Now 62, Al was a 16-year-old sophomore at Falmouth High School when he was offered a summer job “washing dishes” (chemical glassware) in Vaughan Bowen’s lab. Except to attend Bates College in Maine and complete an 18-month stint in 1967–68 at a nuclear power center in Puerto Rico, he’s worked for WHOI continually since June 1958.

The high school summers in Bowen’s lab (spent measuring artificial radionuclides and trace elements in seawater) spurred Al to pursue a chemistry degree. After college, he returned to Bowen’s radiochemistry lab at WHOI, working both ashore and at sea. When Bowen retired in 1982, “I was about to be homeless,” Al said, “and I was advised to knock on every door at the Institution for work.”

The first door opened in the Ocean Engineering Department. Inspired by the work there, he began commuting to Wentworth Institute of Technology in Boston for four years to earn another degree, this time in mechanical engineering design technology. The year he turned 45, he received the school’s medal of honor for “excellence in character and scholarship.”

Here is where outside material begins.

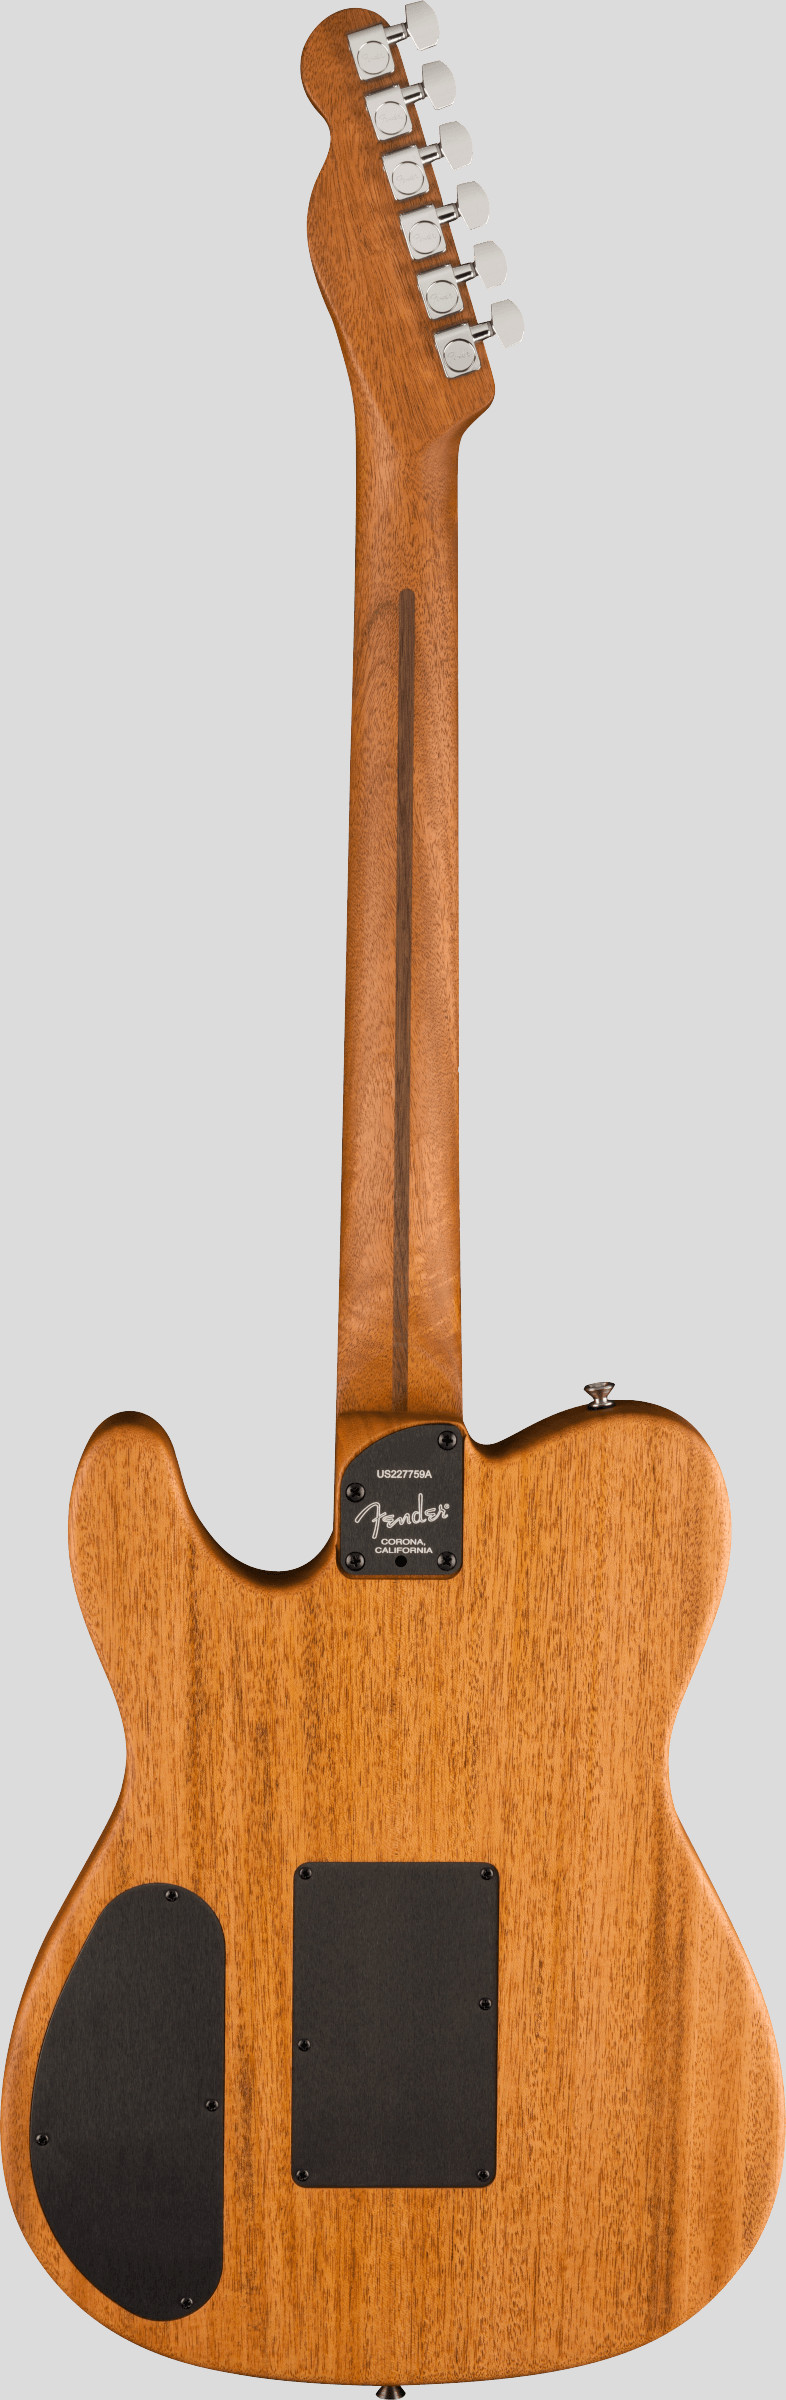 Fender American Acoustasonic Telecaster All-Mahogany Bourbon Burst 2

Since then, Al has contributed to various science, administrative, and engineering programs at WHOI, including the Alvin Group, the Coastal Research Center, the hydrostatic high-pressure test facility, and the Deep Submergence Laboratory. His historic knowledge of the Institution, understanding of science, and mechanical and organizational skills all come in handy today for Al Gordon, dock master.